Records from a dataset
↓
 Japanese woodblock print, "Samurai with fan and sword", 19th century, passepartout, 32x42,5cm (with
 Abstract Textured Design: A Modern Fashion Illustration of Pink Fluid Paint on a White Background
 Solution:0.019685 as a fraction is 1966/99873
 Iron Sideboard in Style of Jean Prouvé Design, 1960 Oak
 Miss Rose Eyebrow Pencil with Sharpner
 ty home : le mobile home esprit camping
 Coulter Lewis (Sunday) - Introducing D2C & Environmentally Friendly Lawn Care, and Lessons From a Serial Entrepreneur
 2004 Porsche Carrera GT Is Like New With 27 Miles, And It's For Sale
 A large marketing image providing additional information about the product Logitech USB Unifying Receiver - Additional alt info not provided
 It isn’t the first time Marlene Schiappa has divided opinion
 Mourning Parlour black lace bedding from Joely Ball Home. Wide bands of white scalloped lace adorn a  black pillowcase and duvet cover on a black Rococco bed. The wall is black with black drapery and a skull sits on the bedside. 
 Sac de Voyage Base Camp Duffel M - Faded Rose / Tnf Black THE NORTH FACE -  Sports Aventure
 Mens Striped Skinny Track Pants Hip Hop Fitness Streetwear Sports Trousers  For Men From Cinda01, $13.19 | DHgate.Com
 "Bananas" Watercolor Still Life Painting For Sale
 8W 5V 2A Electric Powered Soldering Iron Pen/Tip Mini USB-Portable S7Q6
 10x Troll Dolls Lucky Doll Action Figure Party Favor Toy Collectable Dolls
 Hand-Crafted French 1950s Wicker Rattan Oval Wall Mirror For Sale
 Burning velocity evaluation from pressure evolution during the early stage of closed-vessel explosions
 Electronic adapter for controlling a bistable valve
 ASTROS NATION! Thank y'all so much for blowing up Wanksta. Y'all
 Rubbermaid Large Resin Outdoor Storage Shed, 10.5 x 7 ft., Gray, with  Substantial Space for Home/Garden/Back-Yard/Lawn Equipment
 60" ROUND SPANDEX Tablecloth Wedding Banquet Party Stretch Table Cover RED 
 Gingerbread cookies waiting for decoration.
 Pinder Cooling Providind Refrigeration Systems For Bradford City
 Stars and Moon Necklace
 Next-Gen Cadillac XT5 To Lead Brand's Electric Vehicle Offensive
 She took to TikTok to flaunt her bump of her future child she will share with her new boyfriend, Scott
↑
- _What the task requires_
Retype the entries word for word.

- _Completed task_
 Japanese woodblock print, "Samurai with fan and sword", 19th century, passepartout, 32x42,5cm (with
 Abstract Textured Design: A Modern Fashion Illustration of Pink Fluid Paint on a White Background
 Solution:0.019685 as a fraction is 1966/99873
 Iron Sideboard in Style of Jean Prouvé Design, 1960 Oak
 Miss Rose Eyebrow Pencil with Sharpner
 ty home : le mobile home esprit camping
 Coulter Lewis (Sunday) - Introducing D2C & Environmentally Friendly Lawn Care, and Lessons From a Serial Entrepreneur
 2004 Porsche Carrera GT Is Like New With 27 Miles, And It's For Sale
 A large marketing image providing additional information about the product Logitech USB Unifying Receiver - Additional alt info not provided
 It isn’t the first time Marlene Schiappa has divided opinion
 Mourning Parlour black lace bedding from Joely Ball Home. Wide bands of white scalloped lace adorn a  black pillowcase and duvet cover on a black Rococco bed. The wall is black with black drapery and a skull sits on the bedside. 
 Sac de Voyage Base Camp Duffel M - Faded Rose / Tnf Black THE NORTH FACE -  Sports Aventure
 Mens Striped Skinny Track Pants Hip Hop Fitness Streetwear Sports Trousers  For Men From Cinda01, $13.19 | DHgate.Com
 "Bananas" Watercolor Still Life Painting For Sale
 8W 5V 2A Electric Powered Soldering Iron Pen/Tip Mini USB-Portable S7Q6
 10x Troll Dolls Lucky Doll Action Figure Party Favor Toy Collectable Dolls
 Hand-Crafted French 1950s Wicker Rattan Oval Wall Mirror For Sale
 Burning velocity evaluation from pressure evolution during the early stage of closed-vessel explosions
 Electronic adapter for controlling a bistable valve
 ASTROS NATION! Thank y'all so much for blowing up Wanksta. Y'all
 Rubbermaid Large Resin Outdoor Storage Shed, 10.5 x 7 ft., Gray, with  Substantial Space for Home/Garden/Back-Yard/Lawn Equipment
 60" ROUND SPANDEX Tablecloth Wedding Banquet Party Stretch Table Cover RED 
 Gingerbread cookies waiting for decoration.
 Pinder Cooling Providind Refrigeration Systems For Bradford City
 Stars and Moon Necklace
 Next-Gen Cadillac XT5 To Lead Brand's Electric Vehicle Offensive
 She took to TikTok to flaunt her bump of her future child she will share with her new boyfriend, Scott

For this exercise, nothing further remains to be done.